WHAT THE TASK ASKS – Please restate the data that follows word for word, with the pictures left out.

(Beginning of SUPPLIED DATA)

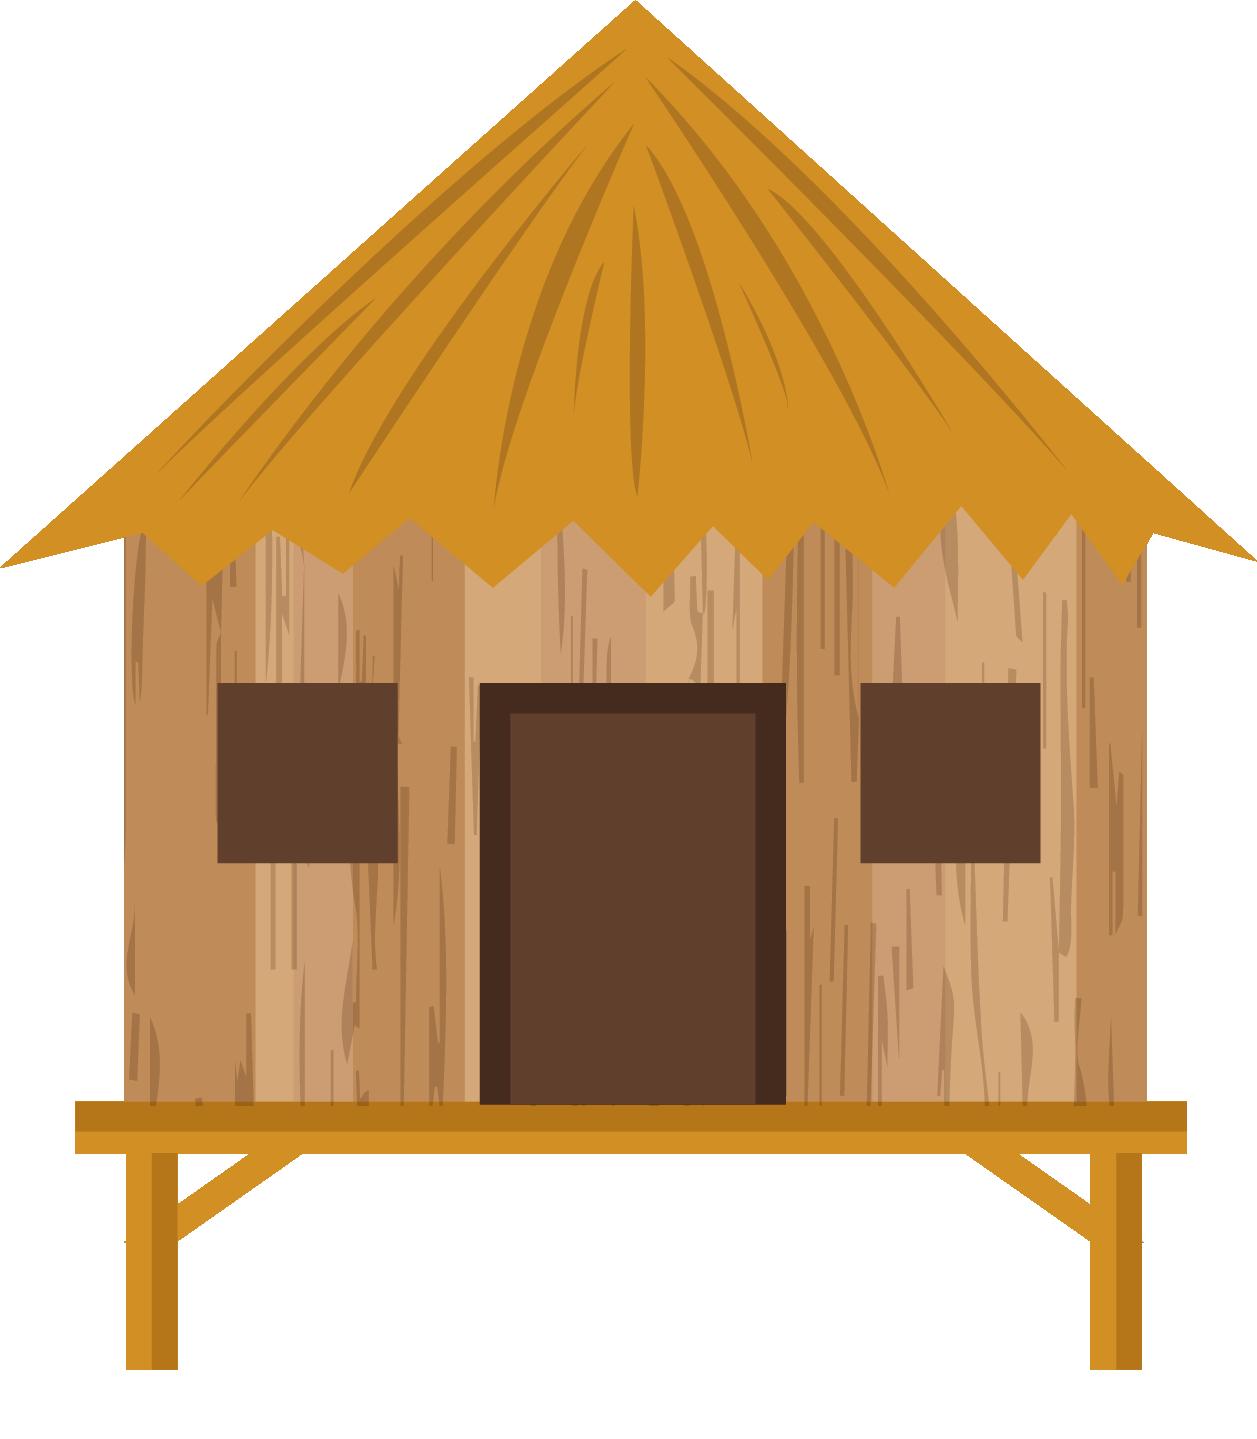 Hut clipart straw house, Hut straw house Transparent FREE ...
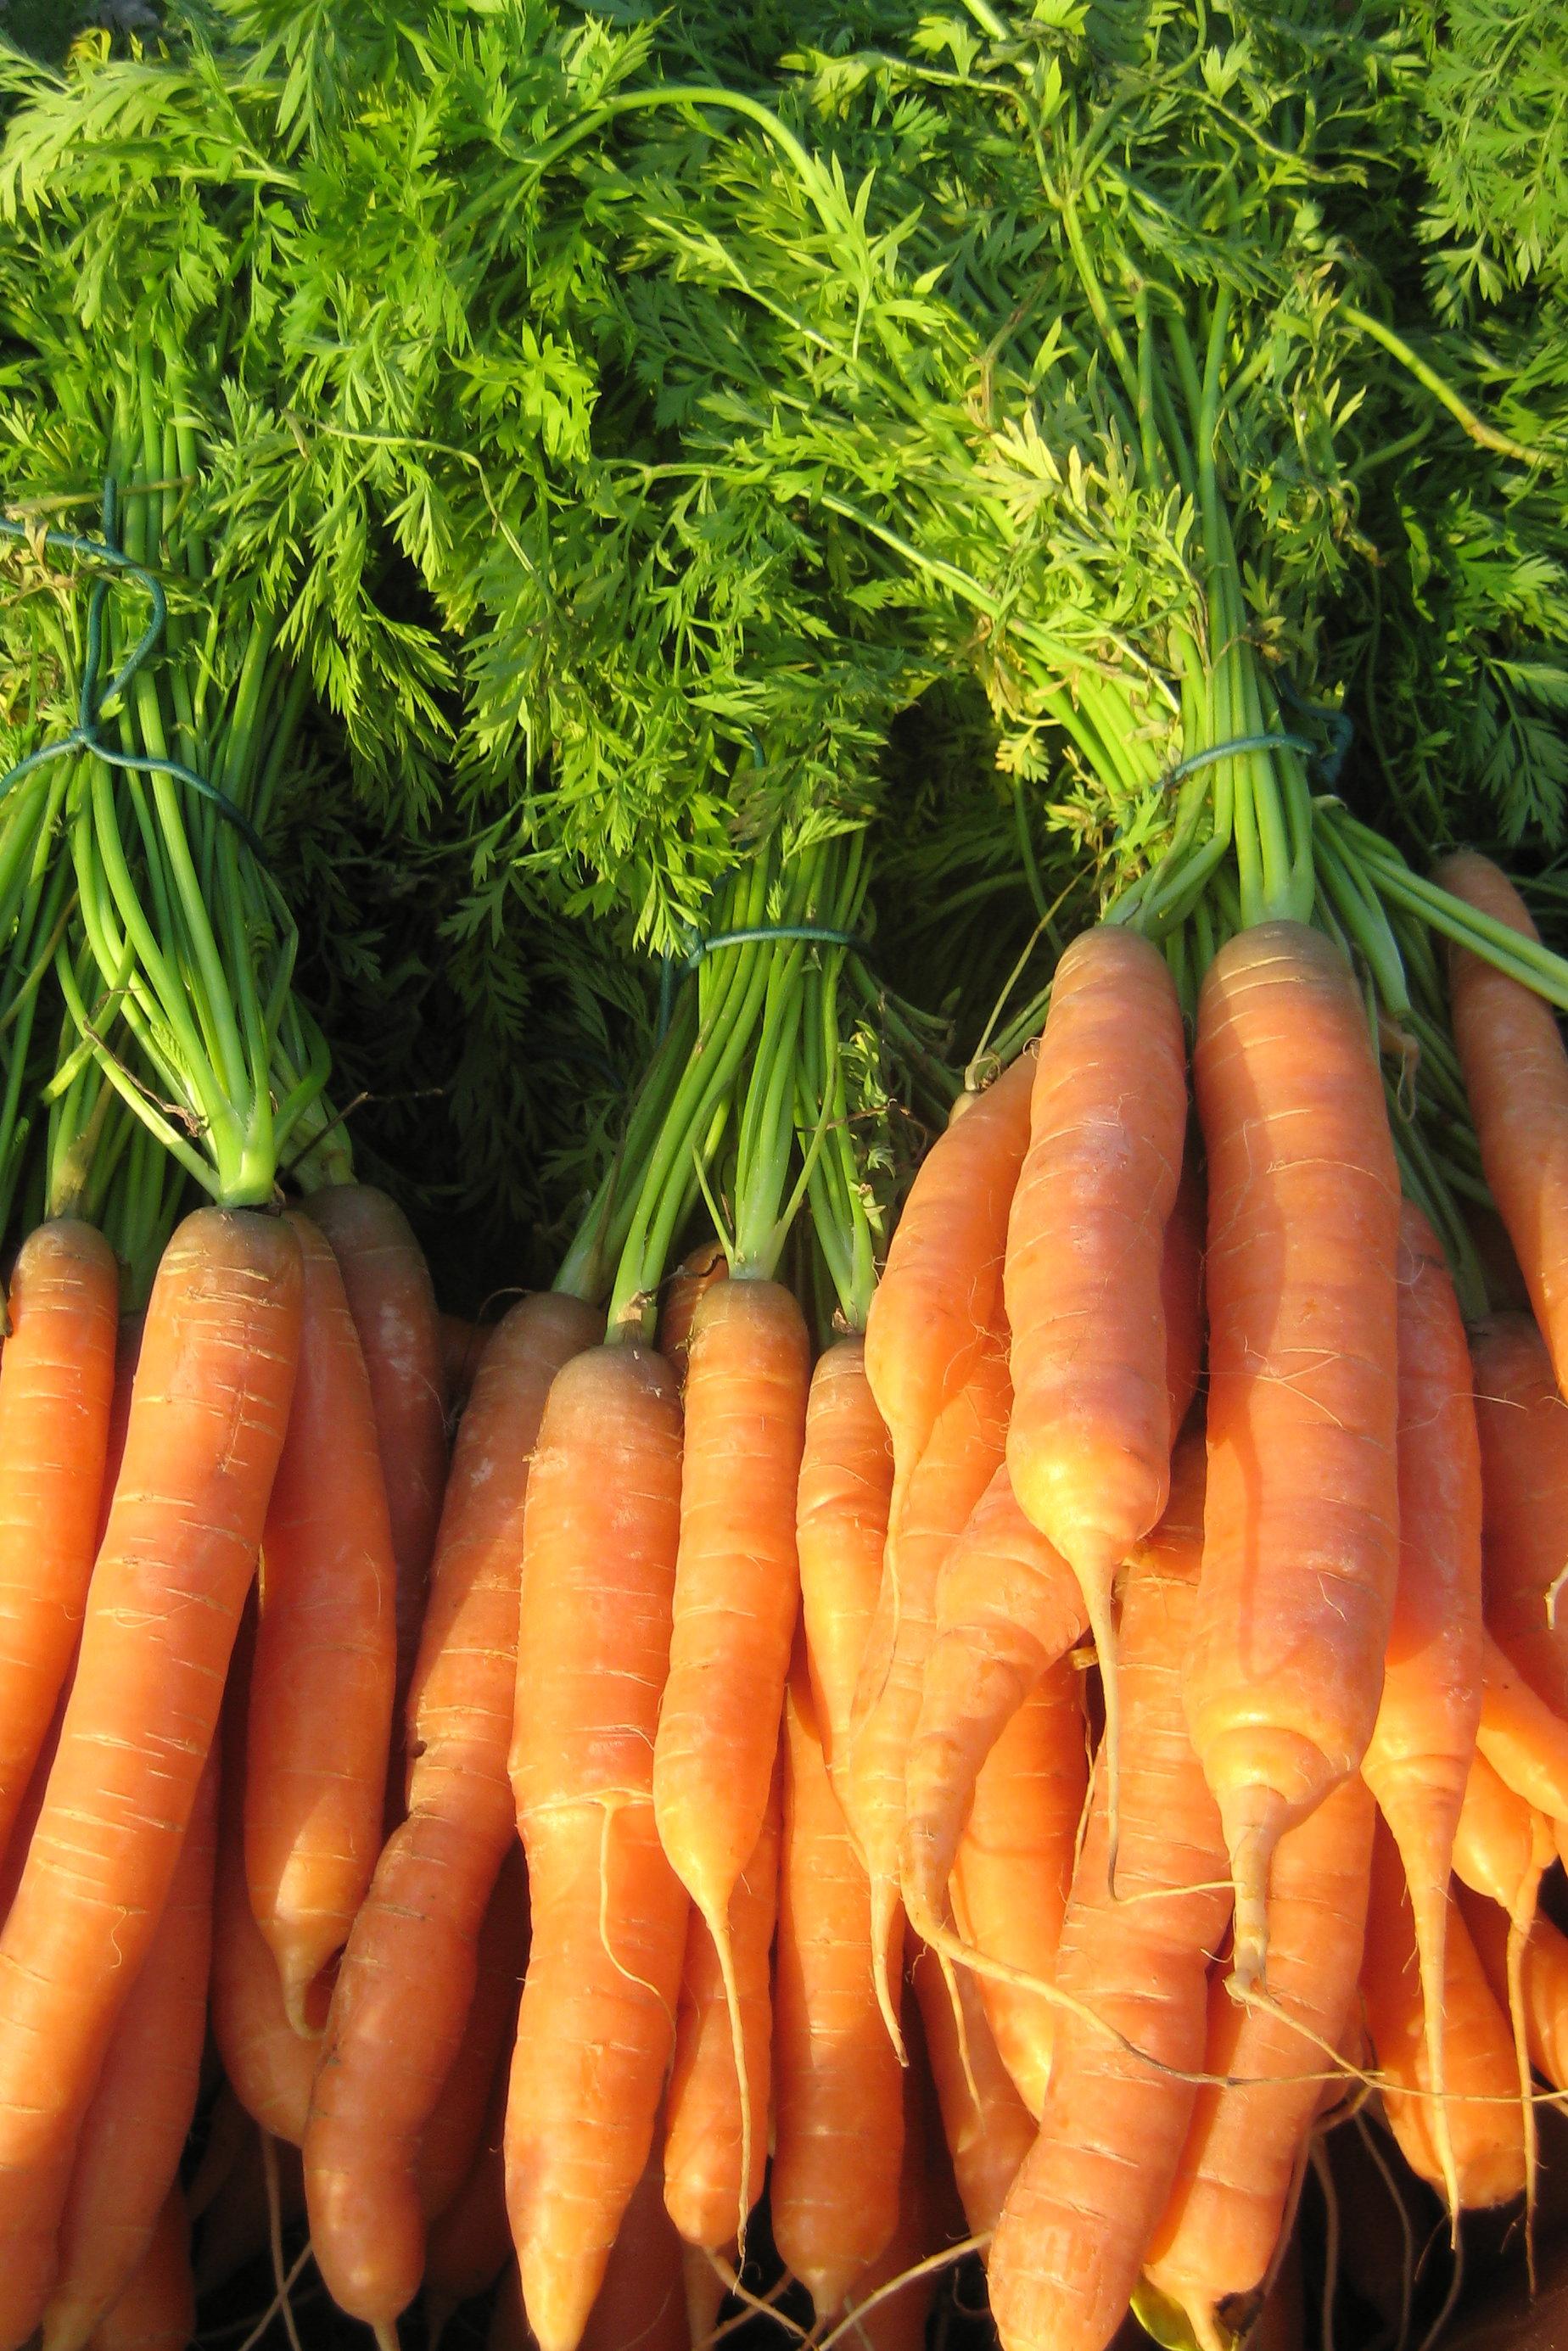 M hre karotte wurzeln gesundes gem se - Karotten kochen ...
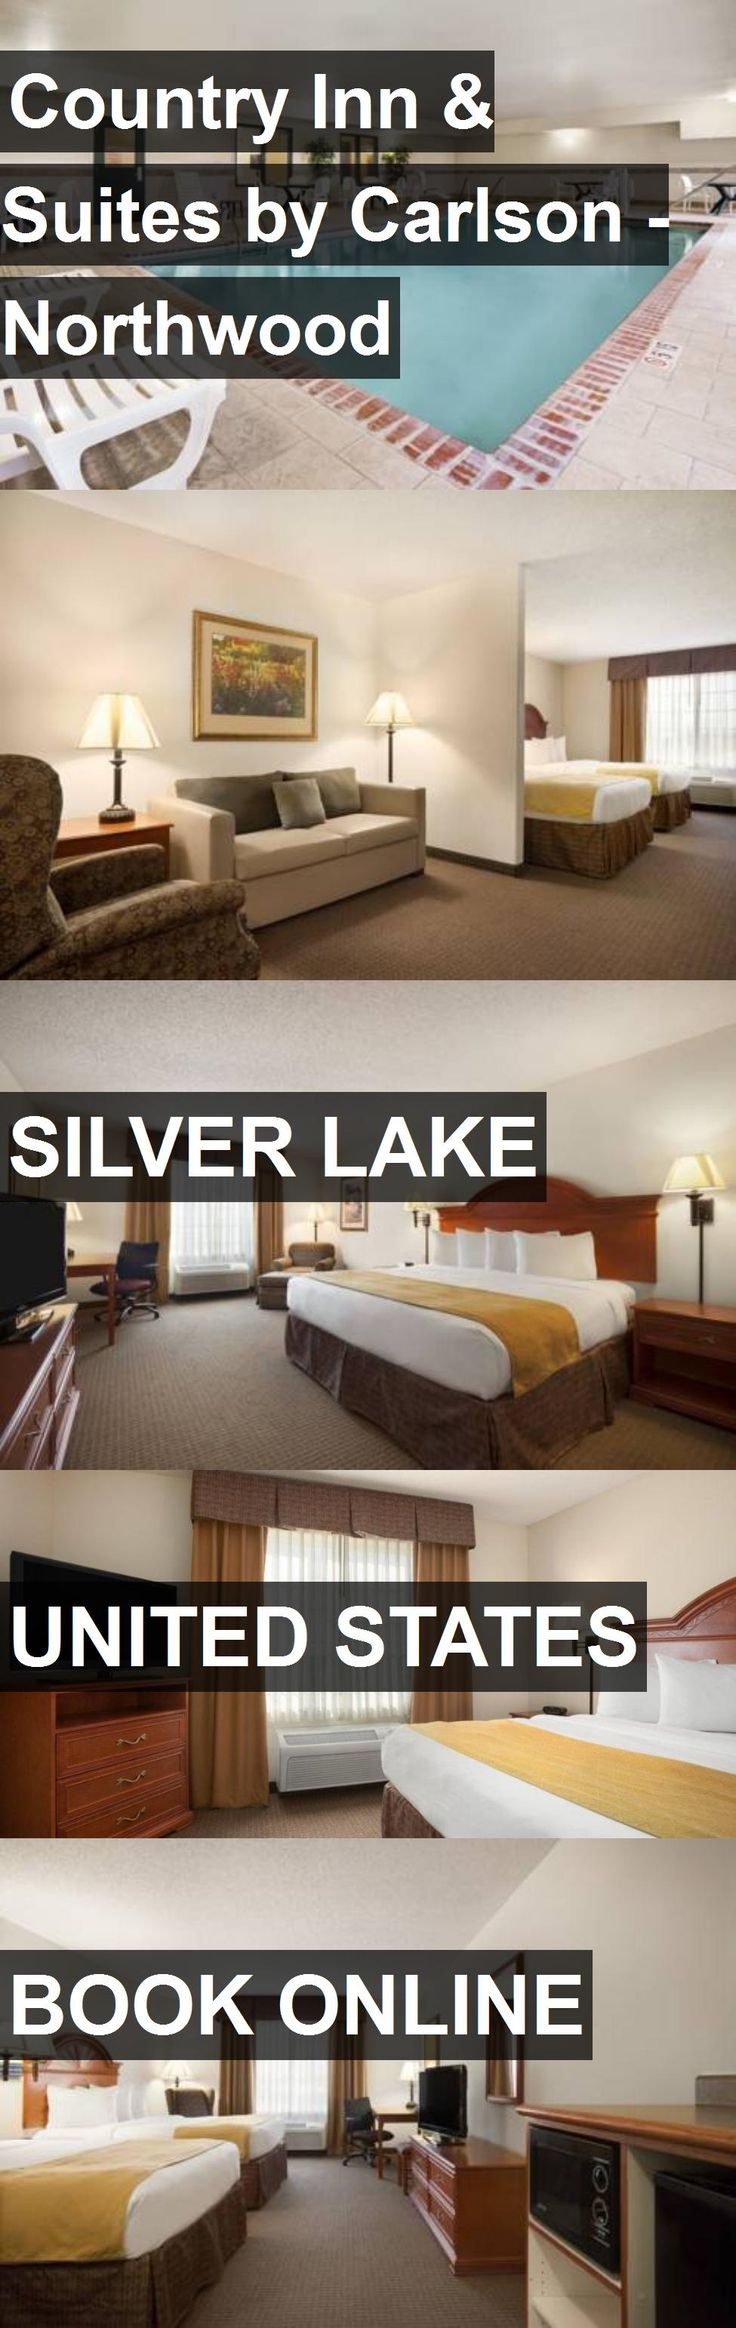 Hotel Country Inn

(End of SUPPLIED DATA)

ANSWER SECTION –
 Hut clipart straw house, Hut straw house Transparent FREE ...
 M hre karotte wurzeln gesundes gem se - Karotten kochen ...
 Hotel Country Inn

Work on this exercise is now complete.